Quantum entanglement swapping between two multipartite entangled states

TL;DR

This paper reports an experimental demonstration of entanglement swapping between two independent multipartite entangled states, advancing quantum network capabilities by merging complex entangled states through joint measurements and classical feedforward.

Contribution

It presents the first experimental realization of entanglement swapping between two multipartite GHZ states, including a hybrid GHZ-EPR state, with analysis of transmission loss effects.

Findings

Successful entanglement swapping between two tripartite GHZ states.

Implementation of entanglement swapping between GHZ and EPR states.
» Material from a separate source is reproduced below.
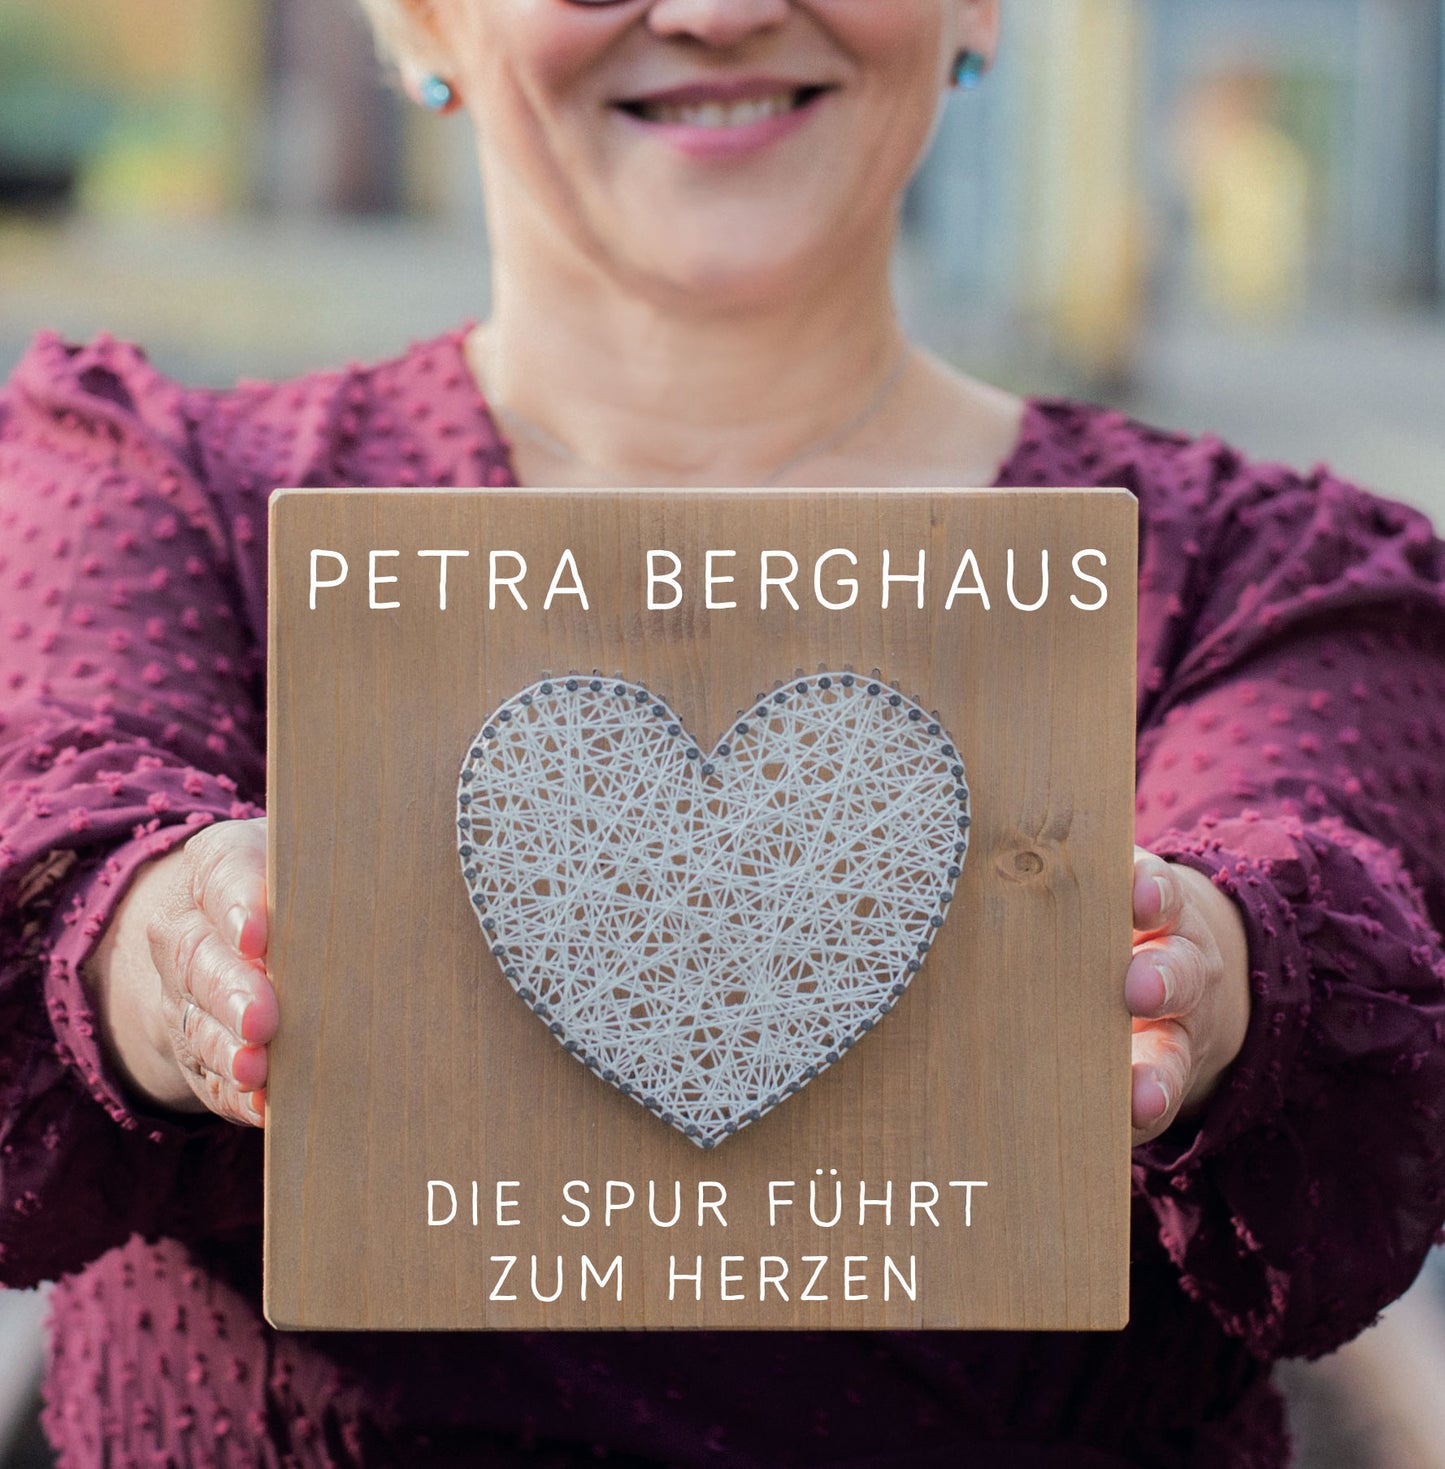 Petras Solo-CD "Die Spur führt zum Herzen" plus Download

Analysis of entanglement robustness under transmission loss.

Abstract

Quantum entanglement swapping is one of the most promising ways to realize the quantum connection among local quantum nodes. In this Letter, we present an experimental demonstration of the entanglement swapping between two independent multipartite entangled states, each of which involves a tripartite Greenberger-Horne-Zeilinger (GHZ) entangled state of an optical field. The entanglement swapping is implemented deterministically by means of a joint measurement on two optical modes coming from the two multipartite entangled states respectively and the classical feedforward of the measurement results. After entanglement swapping the two independent multipartite entangled states are merged into a large entangled state in which all unmeasured quantum modes are entangled. The entanglement swapping between a tripartite GHZ state and an Einstein-Podolsky-Rosen entangled state is also demonstrated and the dependence of the resultant entanglement on transmission loss is investigated. The presented experiment provides a feasible technical reference for constructing more complicated quantum networks.